Hal ini tentu sangat kontras dengan maksim yang diungkapkan oleh Madyapuro yang menyebut “Indonesia negara gemah rimpah loh jenawi” yang berarti Indonesia adalah negara yang tentram, makmur, dan sangat subur tanahnya. Indonesia memang kaya akan SDA dan SDM. Bentang georafis dan iklim pun menunjang roda putaran ekonomi. Lantas kenapa Indonesia masih menjadi negara berkembang yang dihiasi 27 juta jiwa masyarakat miskin? Jawabannya adalah sandiwara para politisi dan korupsi di Indonesia yang tidak teratasi. Hazairin menyebut korupsi sebagai the roots of all evils and problem (akar dari semua kejahatan dan permasalahan). Maka problem kemiskinan pun berakar dari masif-nya tindak pidana korupsi.

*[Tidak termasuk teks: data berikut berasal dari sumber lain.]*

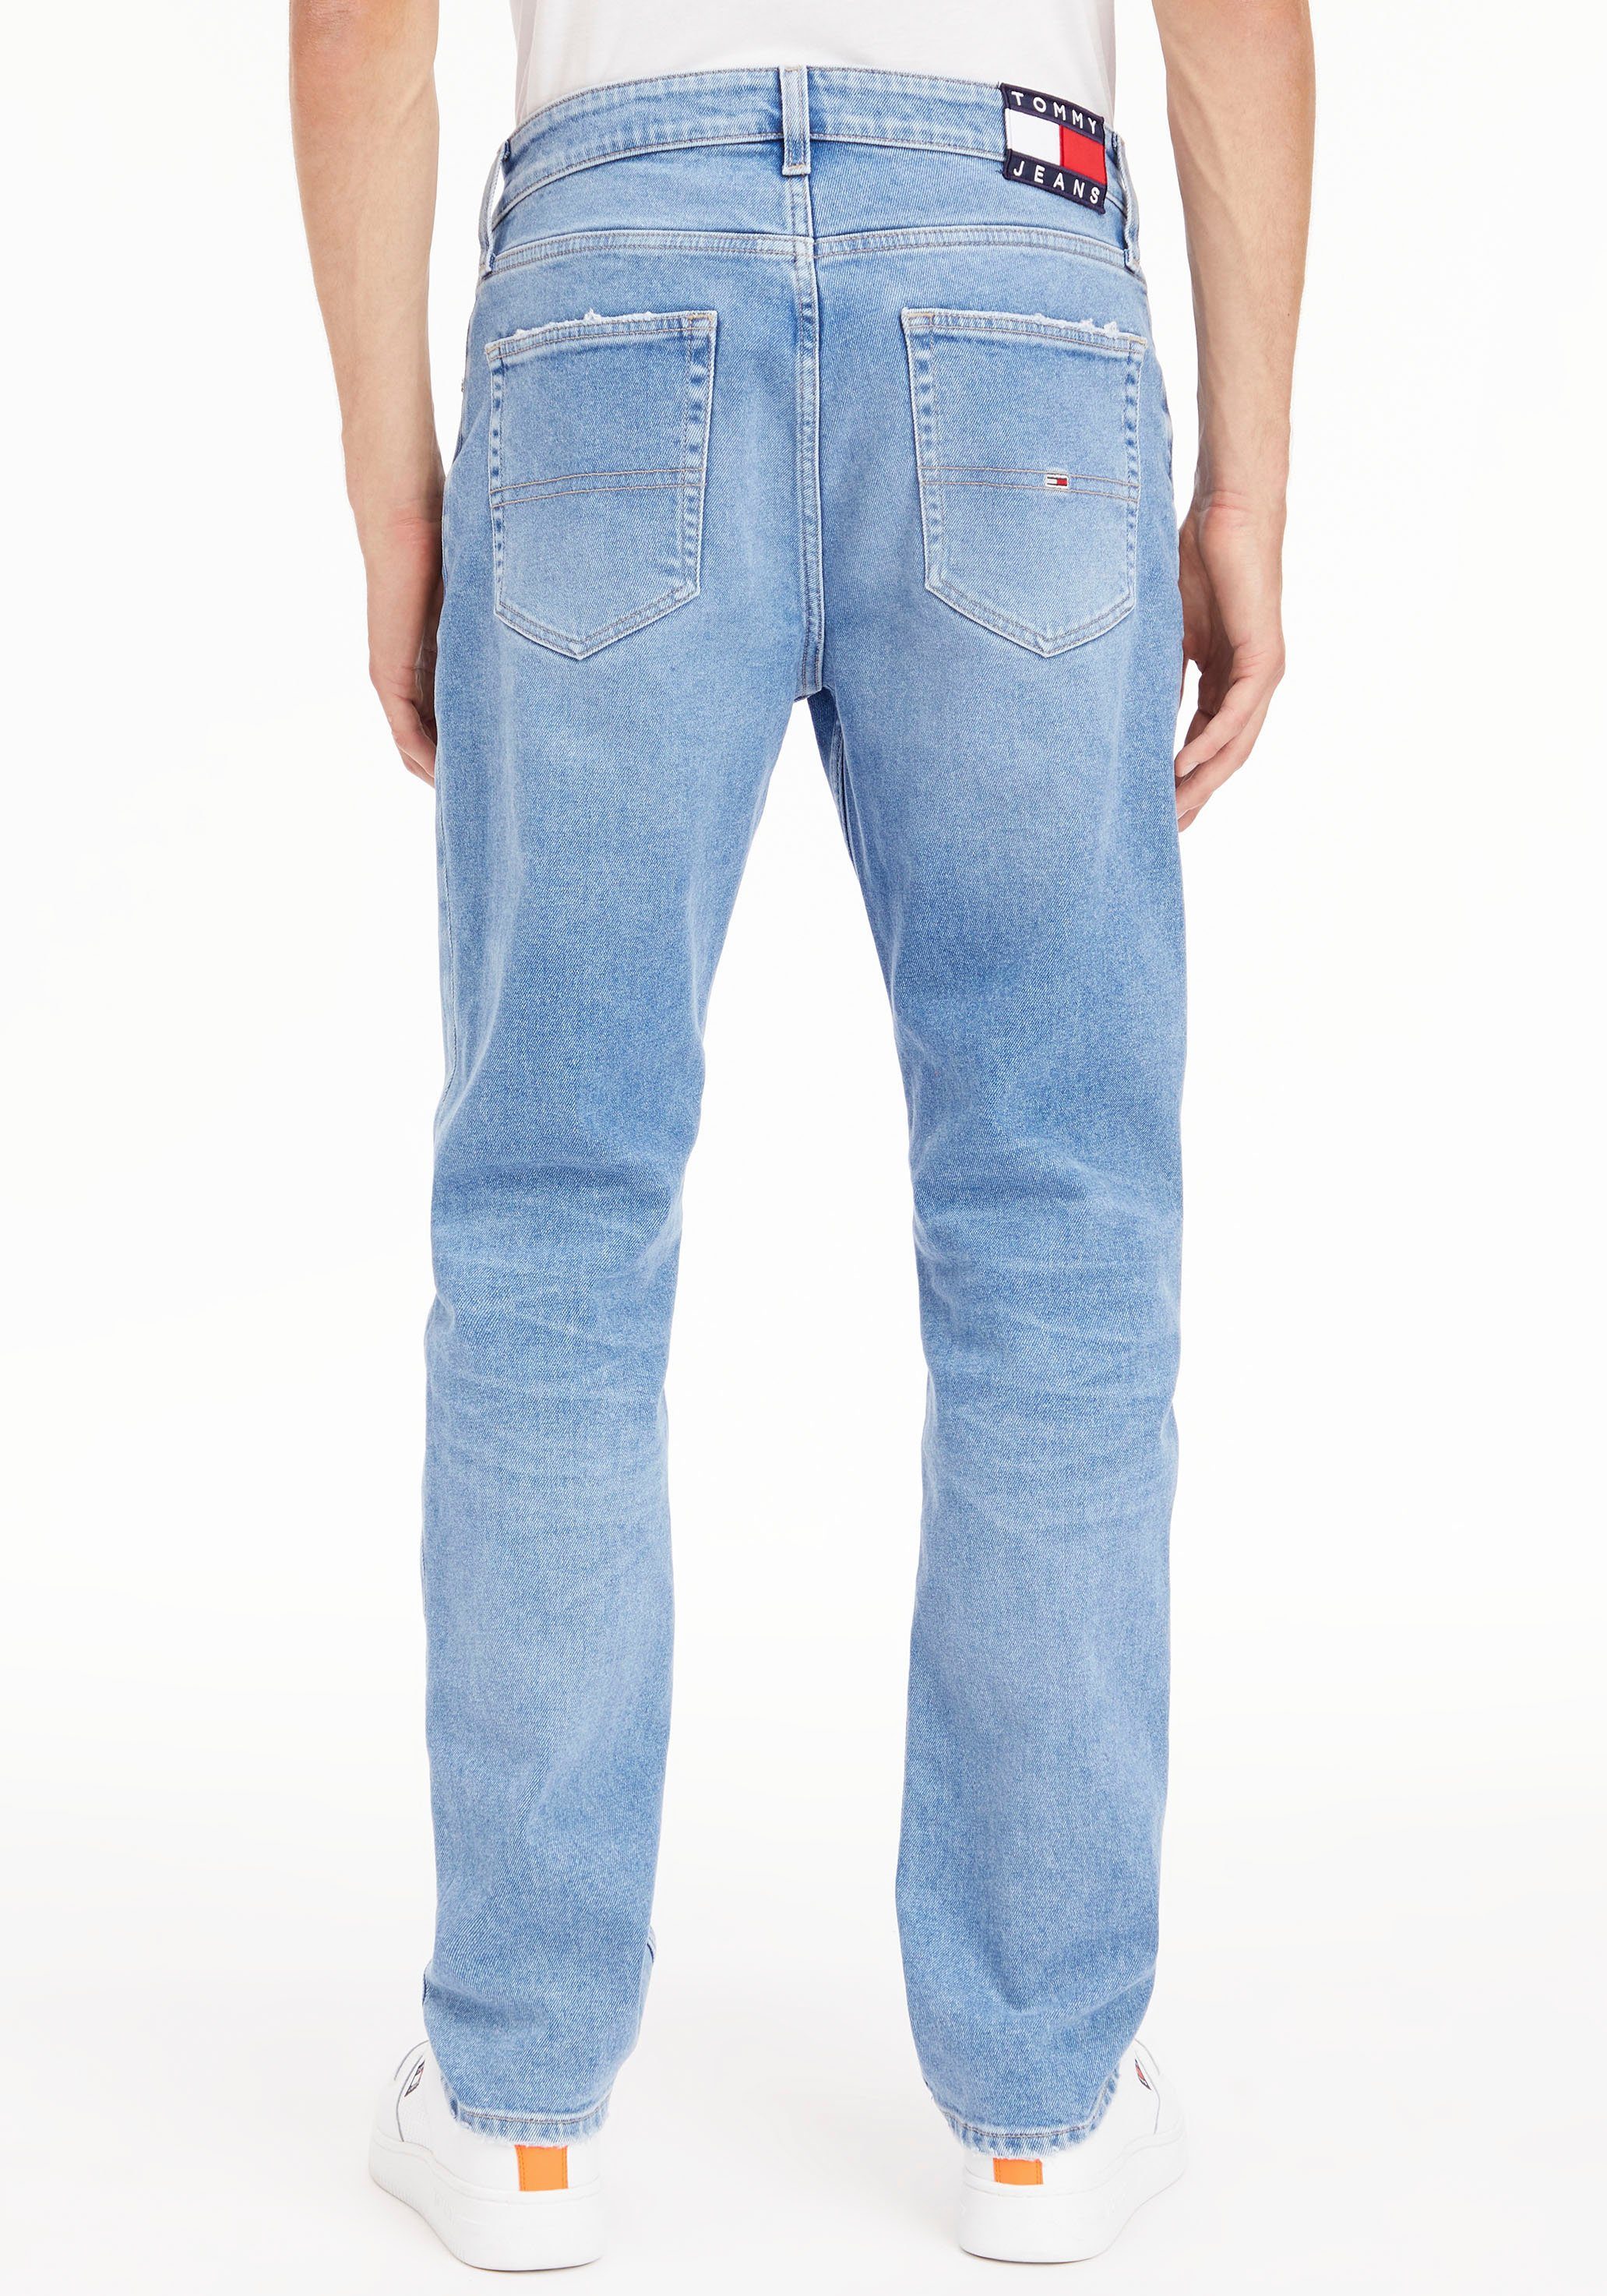 Jeans und PANT BG0036 Destroyed- SHORT HOT Abriebeffekten Tommy Jeansshorts mit

Berikutnya, sandiwara yang sering dilakoni para politisi tentu sangat mencederai hakikat politisi itu sendiri. Secara terminologi, politisi adalah sebutan bagi orang yang bergiat di bidang politik yang pada umumnya dilatarbelakangi oleh alasan ideal seperti mewujudkan keadilan, kesejahteraan, dan perdamaian (Leimena, 2007). Artinya, politisi merupakan individu yang memiliki integritas, kapasitas, dan ingin mendedikasikan diri demi mewujudkan good government and clean governance.
Ibaratkan sebuah bahtera, baik buruknya negara Indonesia ditentukan oleh nakhoda-nya. Sejahtera tidaknya rakyat ditentukan oleh nakhoda-nya. Nakhoda negara Indonesia adalah para politisi yang mengisi berbagai jabatan di lingkup eksekutif, legislatif, dan yudikatif. Merekalah yang memegang kemudi-kemudi kebijakan. Kebijakan para politisi merupakan kunci kemakmuran sekaligus pintu kesengsaraan rakyat Indonesia.
Dengan kedudukan yang begitu vital, semestinya politisi tidak bersandiwara memerangi korupsi. Para politisi wajib memerangi korupsi secara sungguh dan bukan lip service belaka. Sebab, sandiwara dalam dunia politik hanyalah aksi kebohongan yang tidak mencerminkan kebijaksanaan dan mengantarkan pada kemiskinan serta efek domino lainnya. Dan teruntuk masyarakat hendaknya jangan mudah percaya dengan retorika para politisi, rakyat perlu selektif dalam menggunakan hak suaranya.